GOAL OF THE EXERCISE ->
Please repeat, exactly and without pictures, the lines of the entries below that run from the one containing "Cynthia Teal Sapphire" through the one containing "Antonio Brown will".
[DATA SUPPLIED]
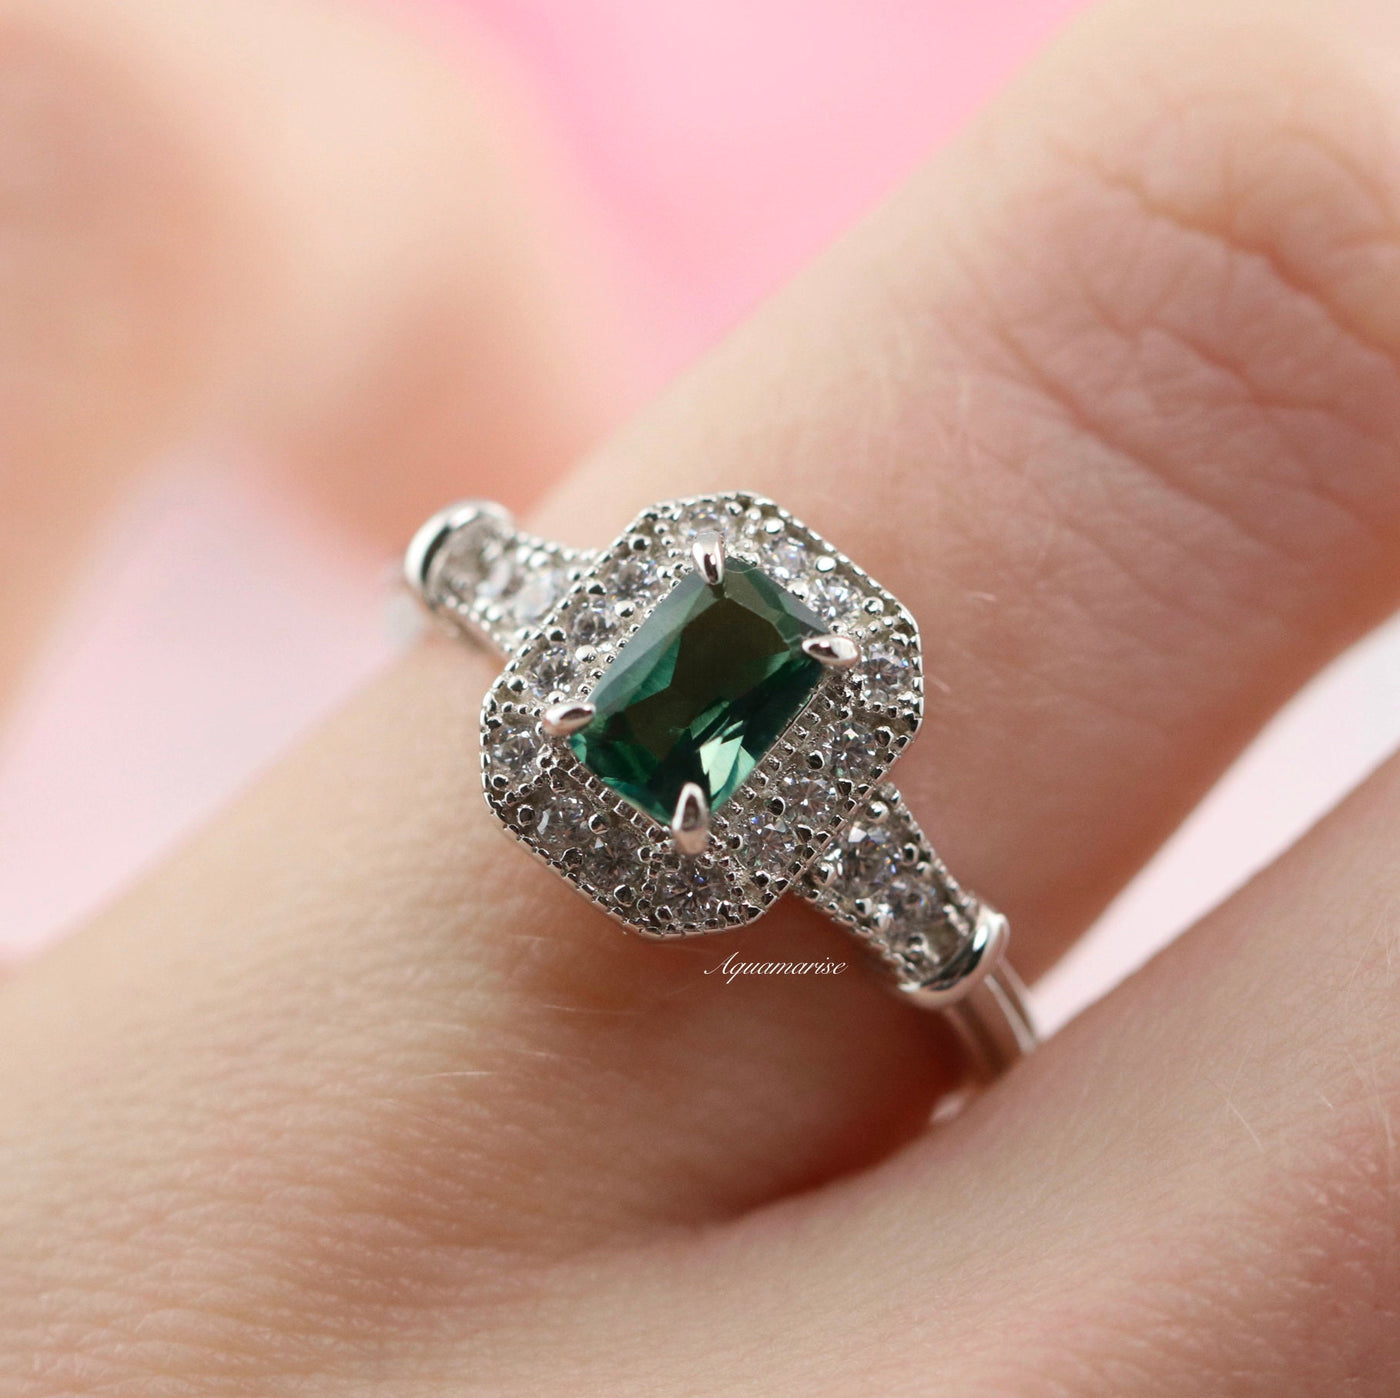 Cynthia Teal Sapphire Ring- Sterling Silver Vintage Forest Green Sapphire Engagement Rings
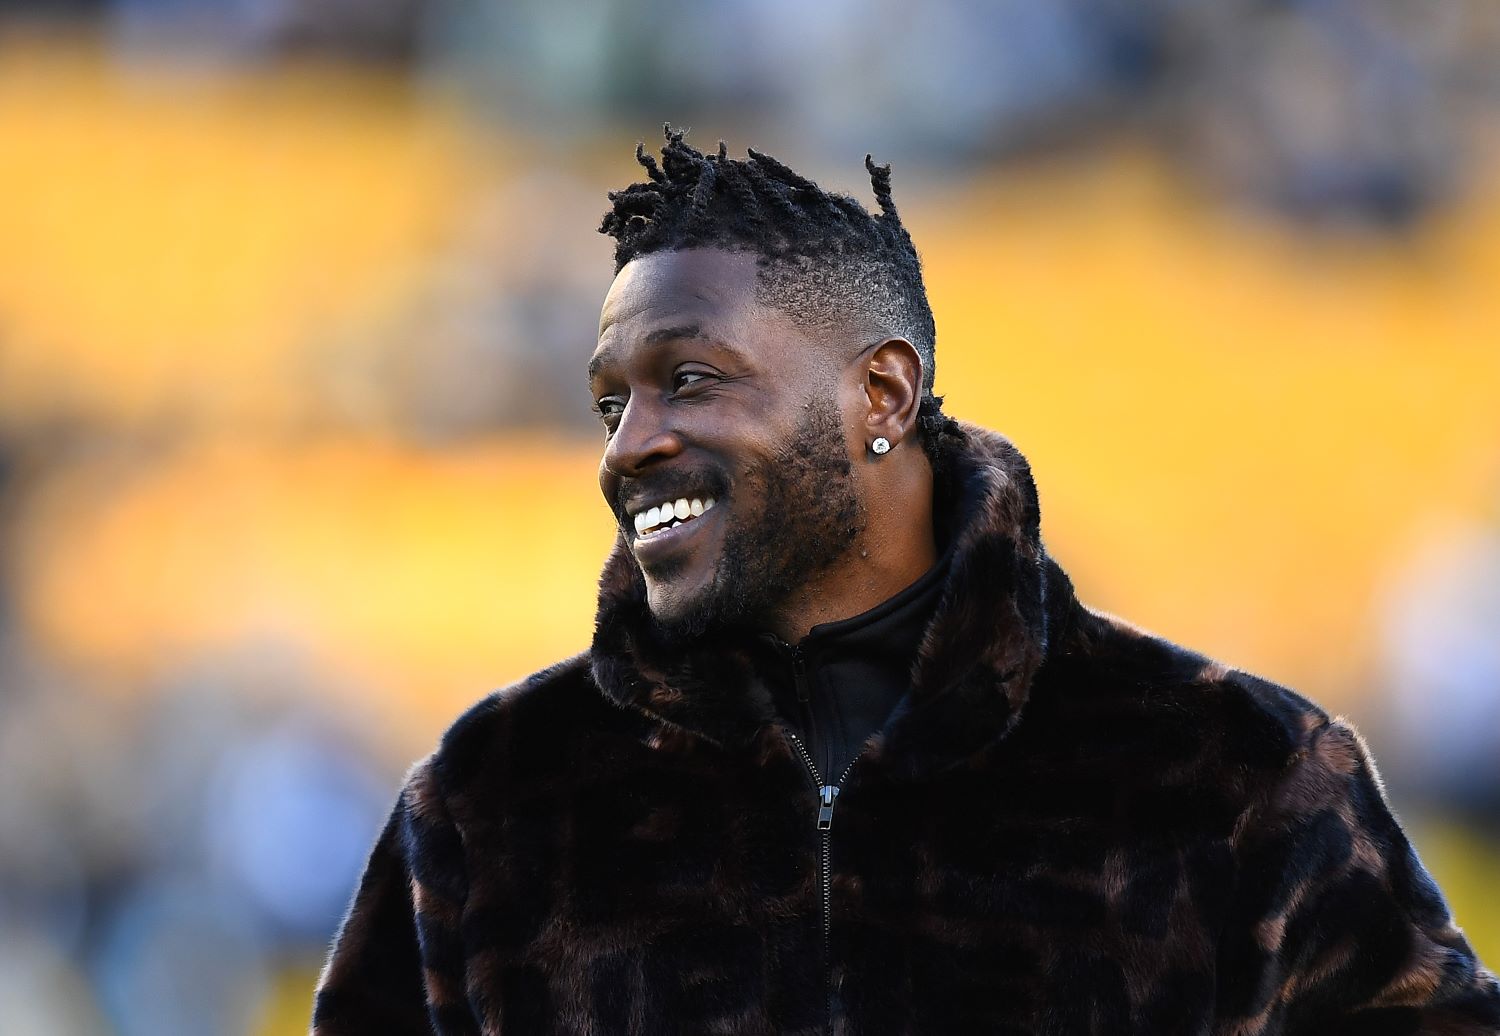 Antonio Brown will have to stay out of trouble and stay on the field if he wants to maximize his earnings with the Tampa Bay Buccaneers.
[/DATA SUPPLIED]
[DATA SUPPLIED]
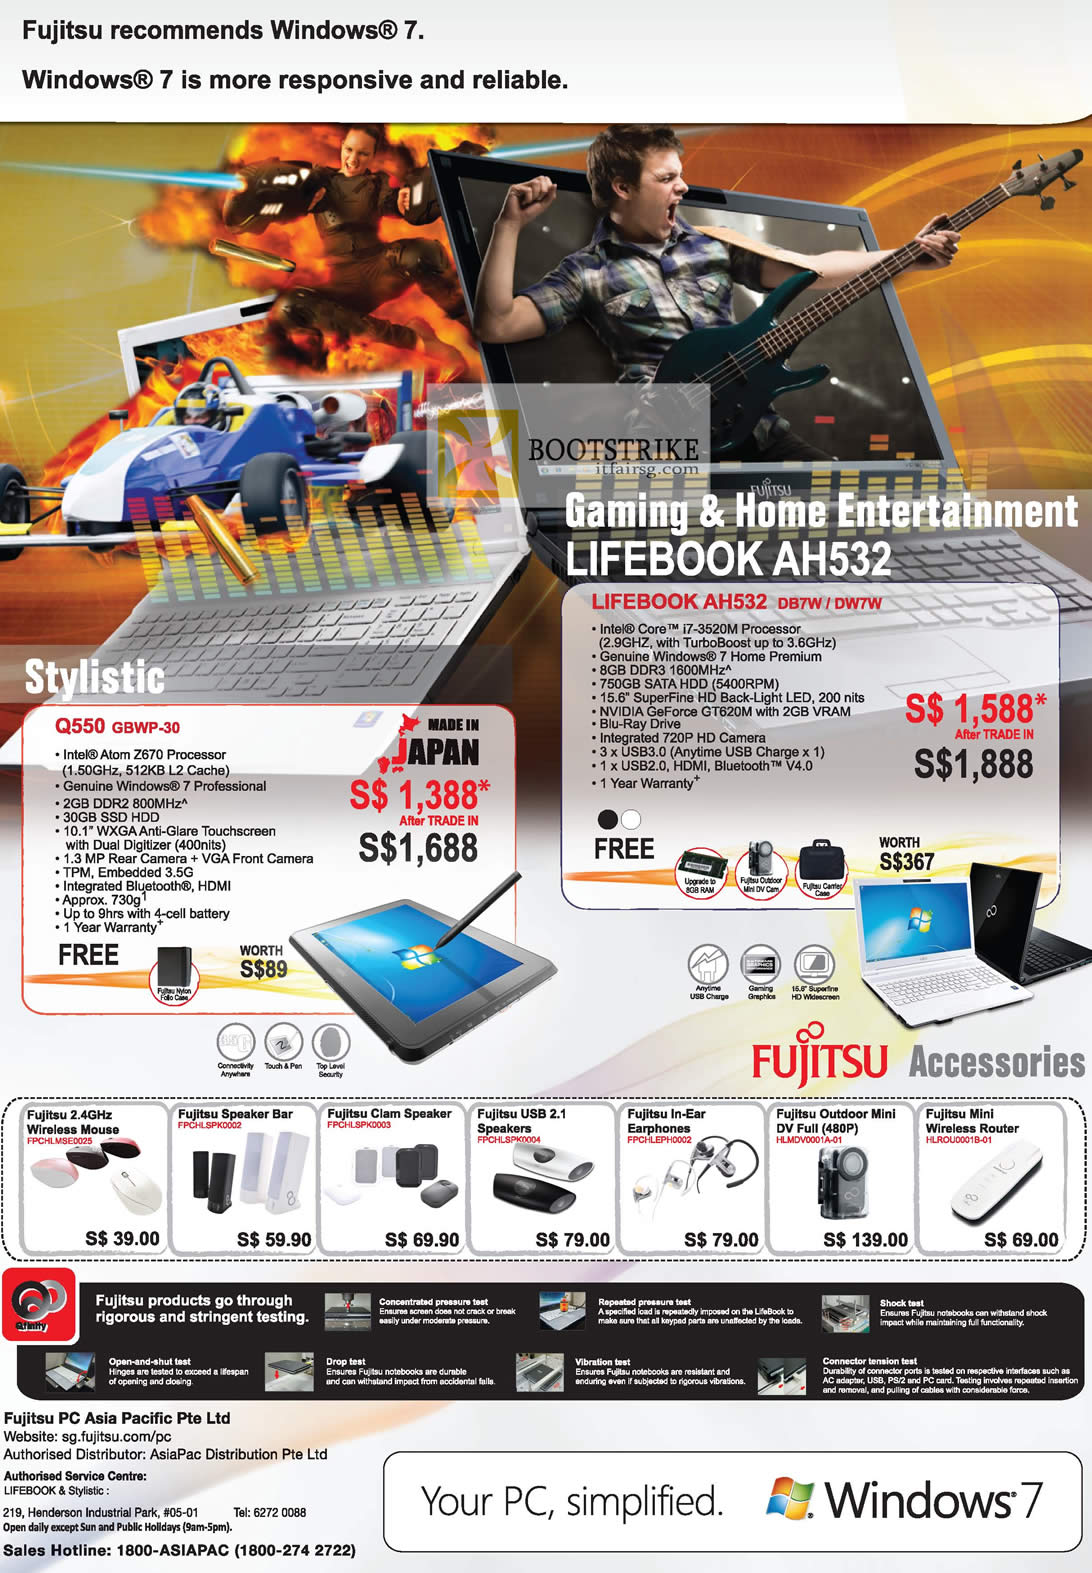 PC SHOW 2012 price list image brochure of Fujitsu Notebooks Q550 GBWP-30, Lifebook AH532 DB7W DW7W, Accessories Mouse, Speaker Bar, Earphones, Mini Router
[/DATA SUPPLIED]
SOLUTION FOR THIS PROBLEM ->
 Cynthia Teal Sapphire Ring- Sterling Silver Vintage Forest Green Sapphire Engagement Rings
 Antonio Brown will have to stay out of trouble and stay on the field if he wants to maximize his earnings with the Tampa Bay Buccaneers.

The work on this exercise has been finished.